Go through the data below and repeat it exactly, skipping each picture.
:: SUPPLIED MATERIAL
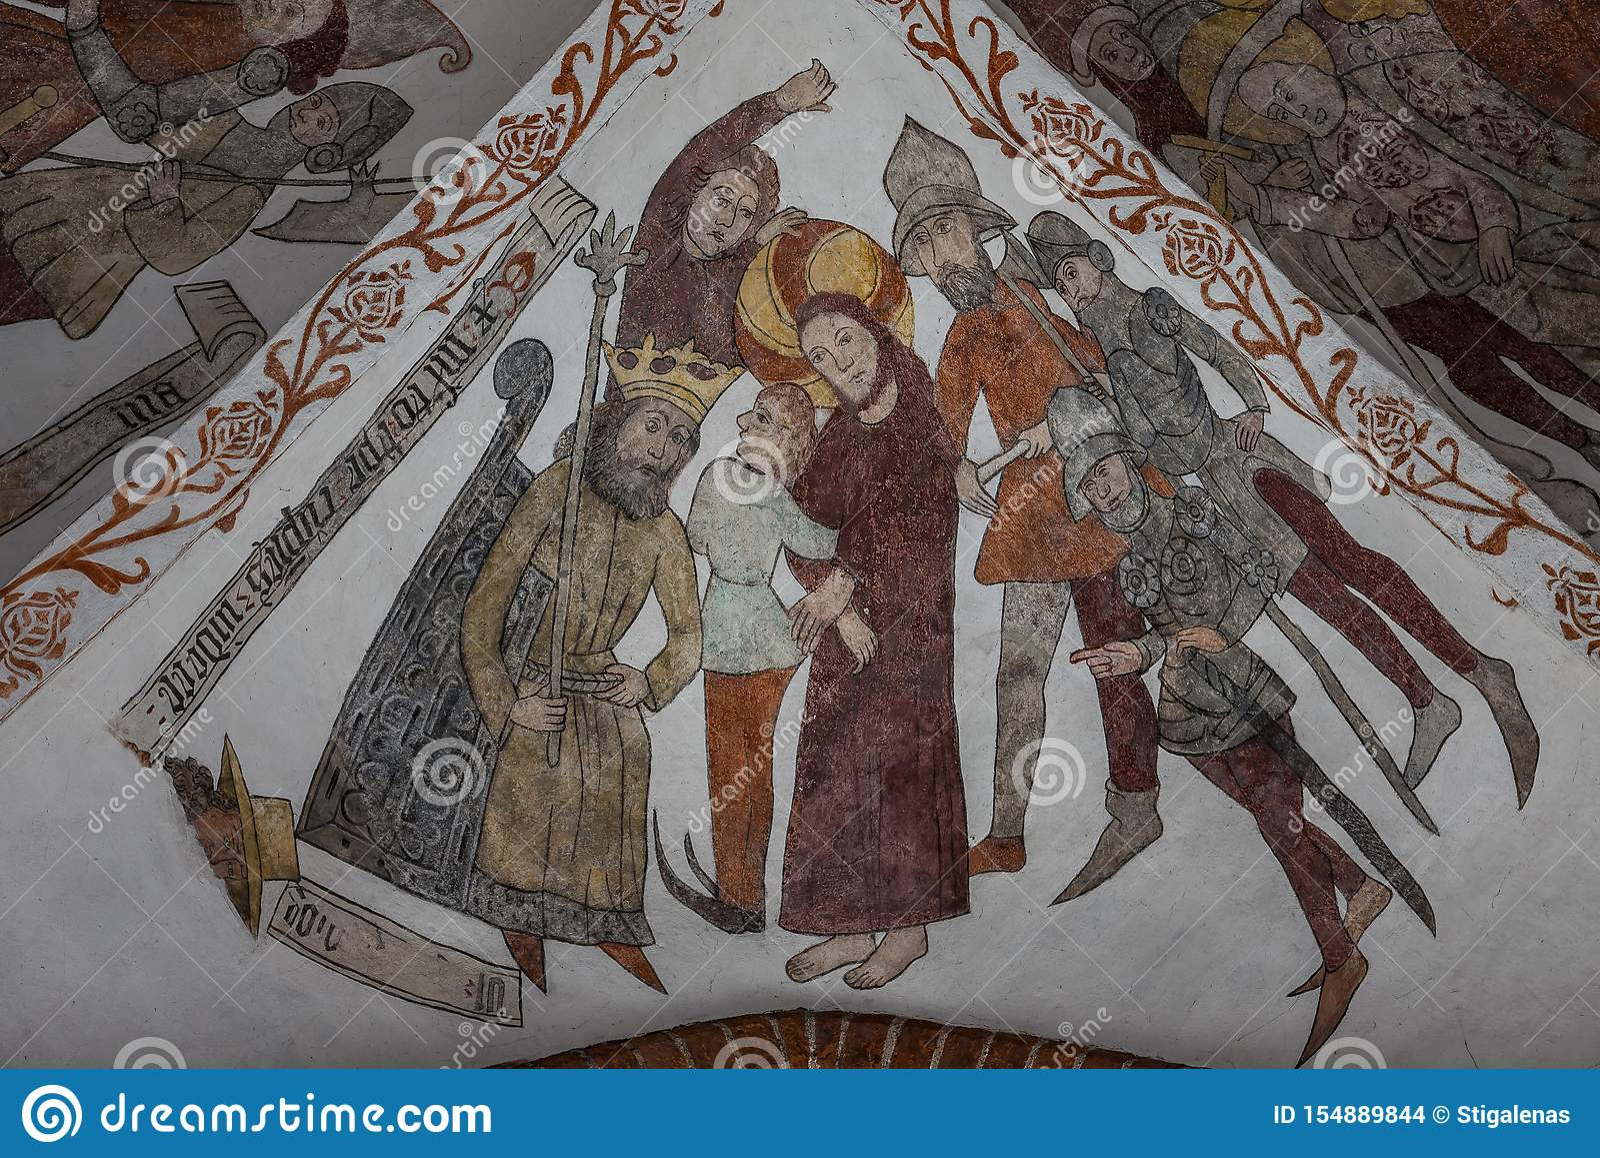 Jesus na corte de Herod, um fresco medieval
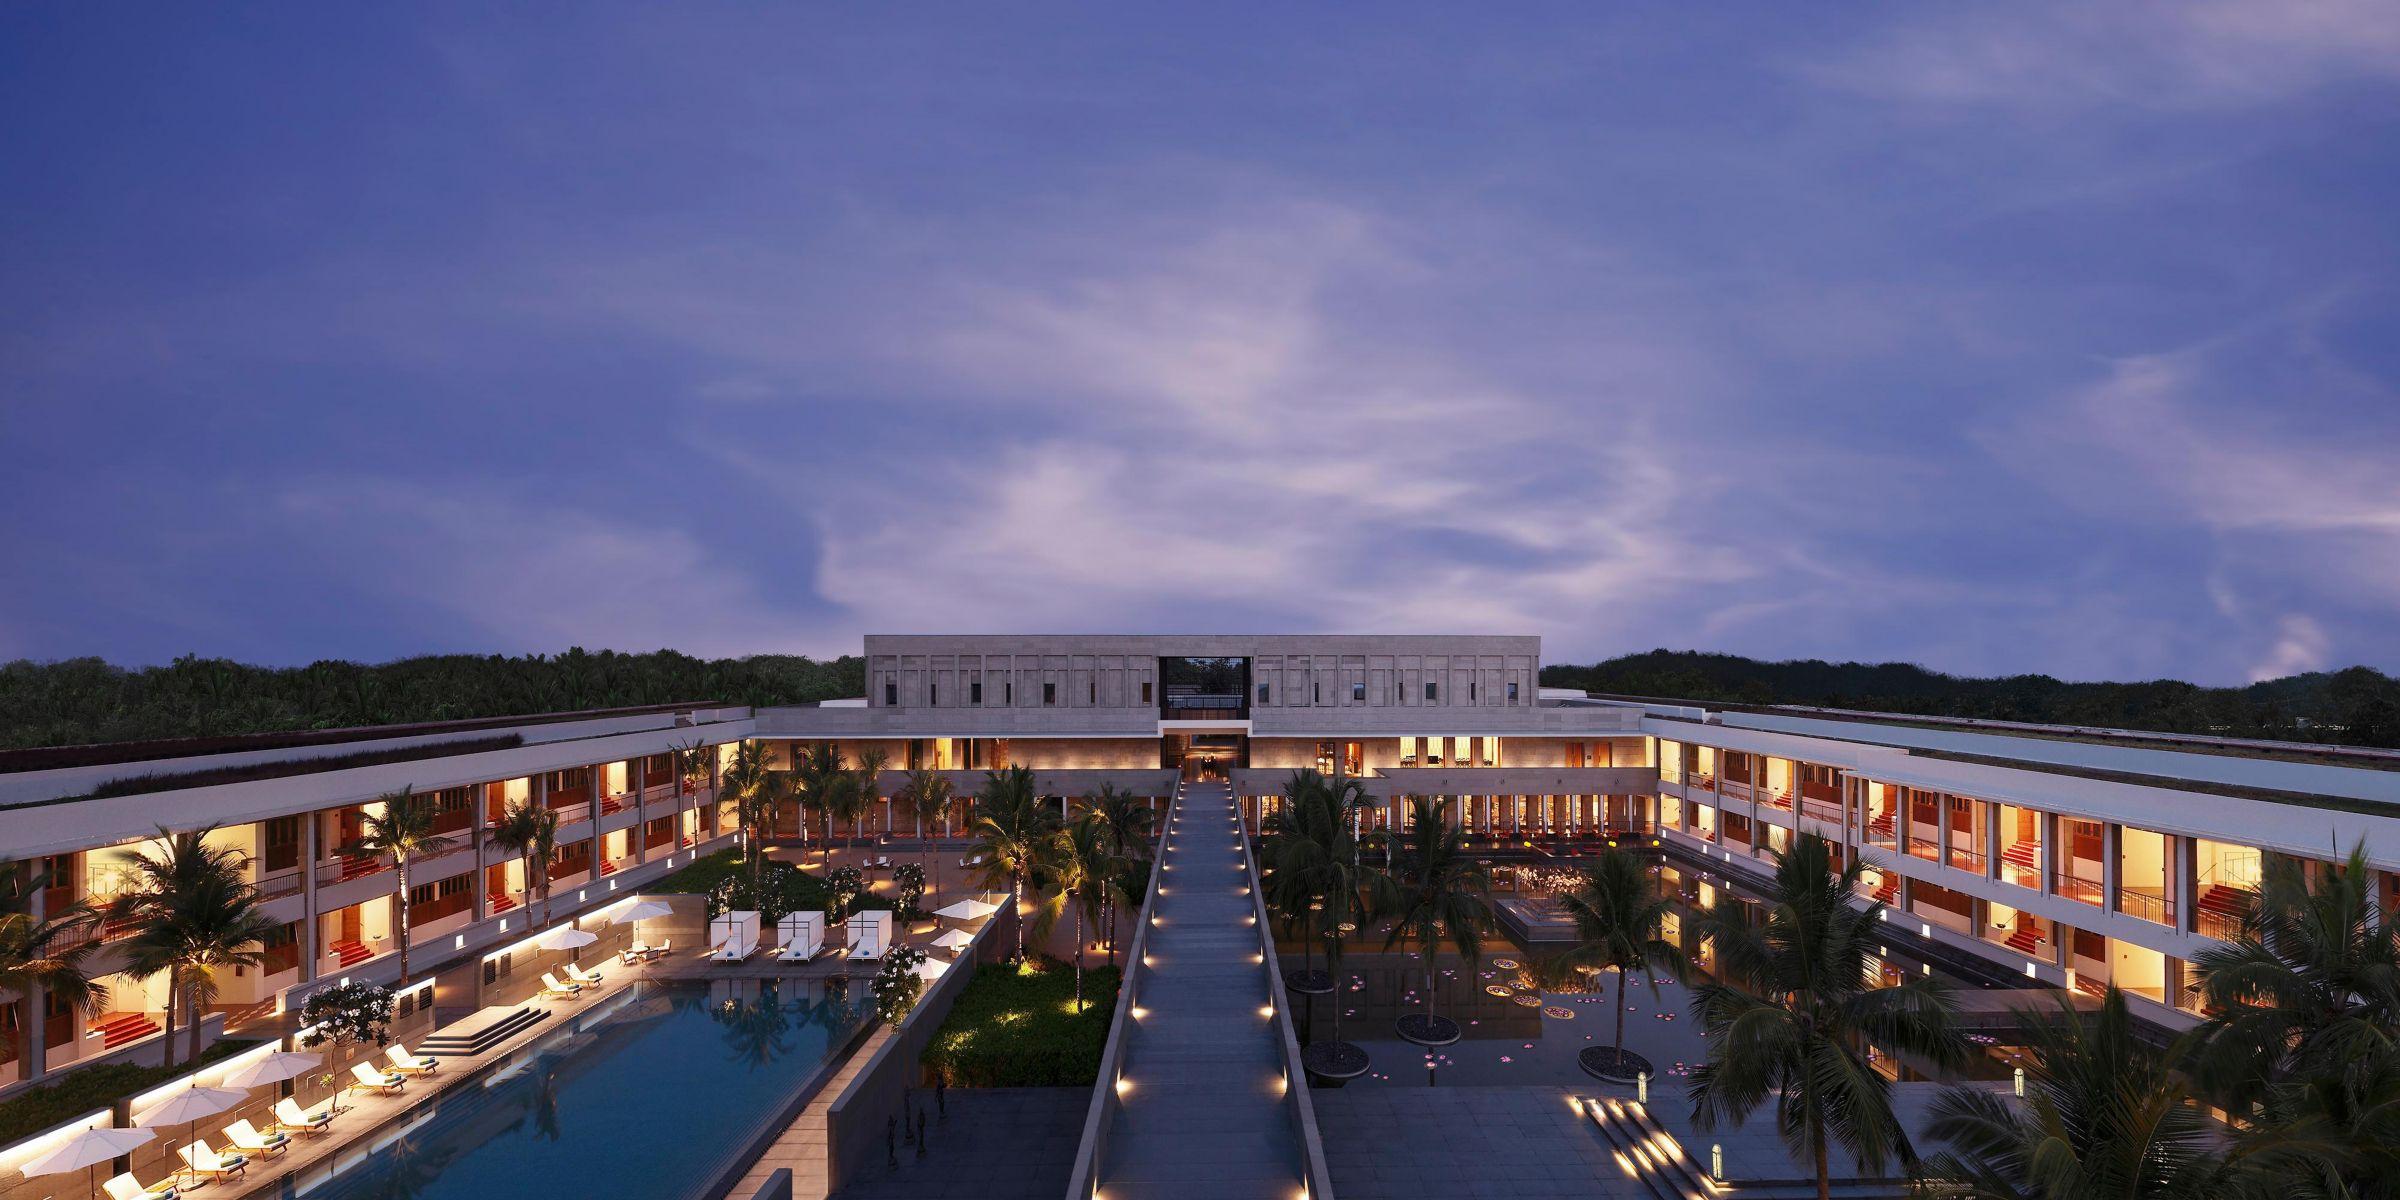 Best Hotels In Ecr
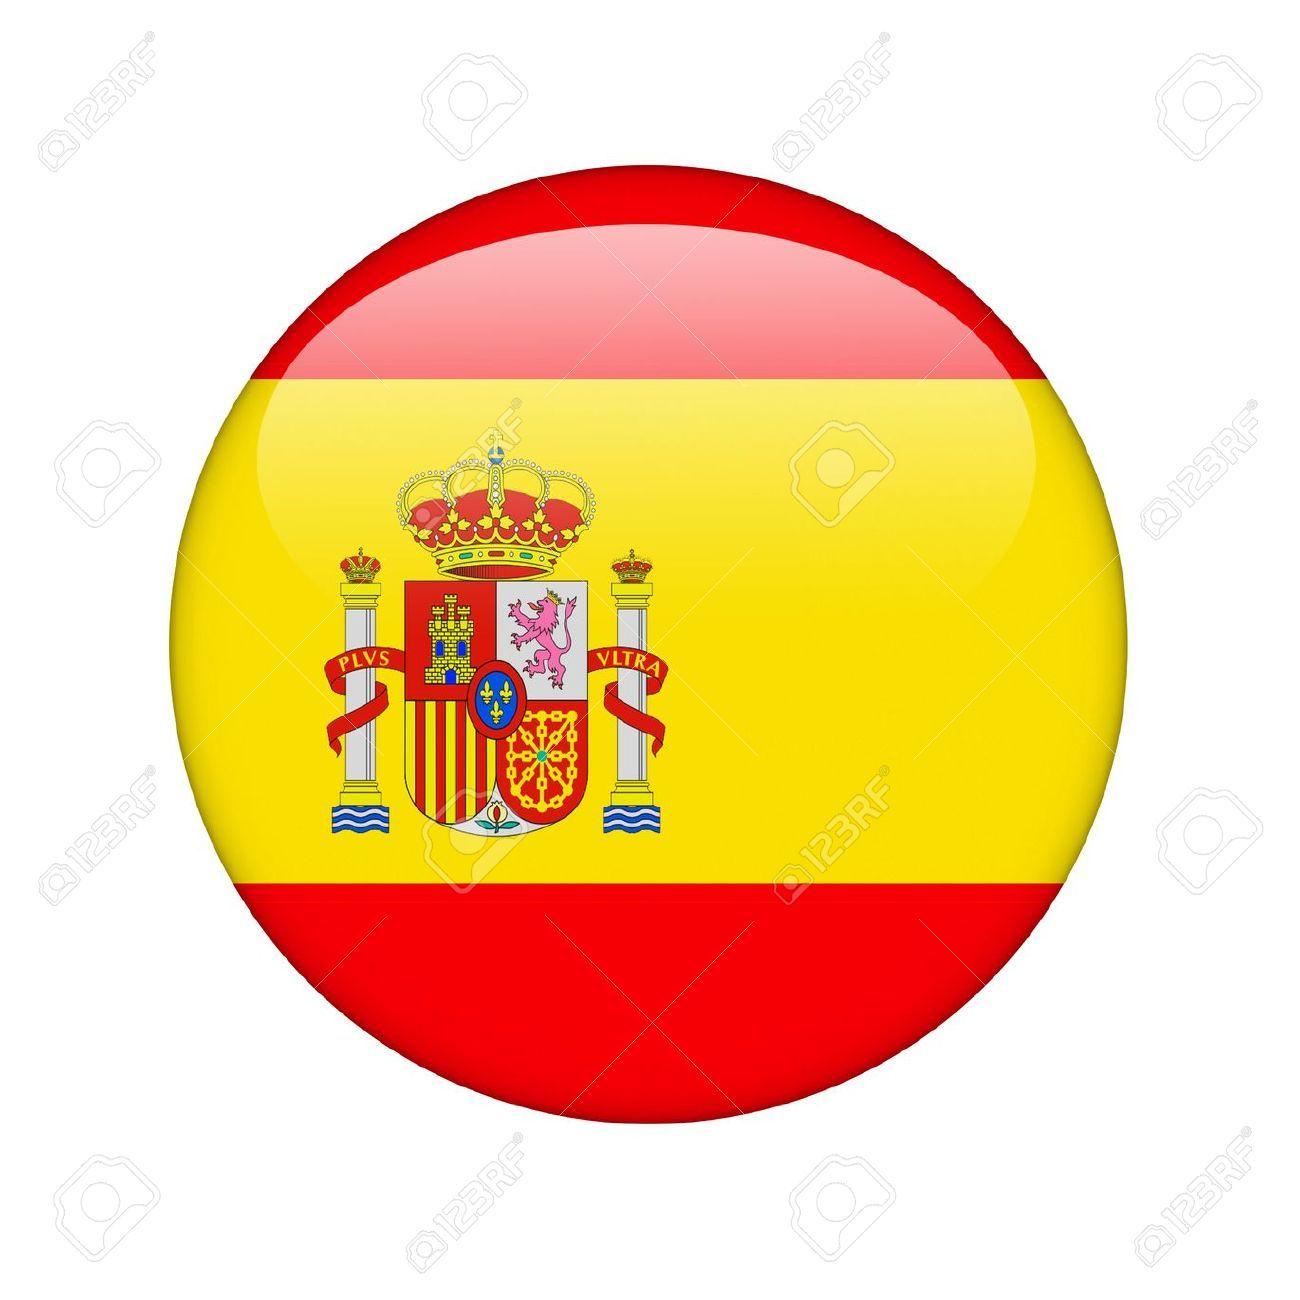 r u00e9sultat de recherche d u0026 39 images pour  u0026quot drapeau espagnol u0026quot
::::
COMPLETED EXERCISE ->
 Jesus na corte de Herod, um fresco medieval
 Best Hotels In Ecr
 r u00e9sultat de recherche d u0026 39 images pour  u0026quot drapeau espagnol u0026quot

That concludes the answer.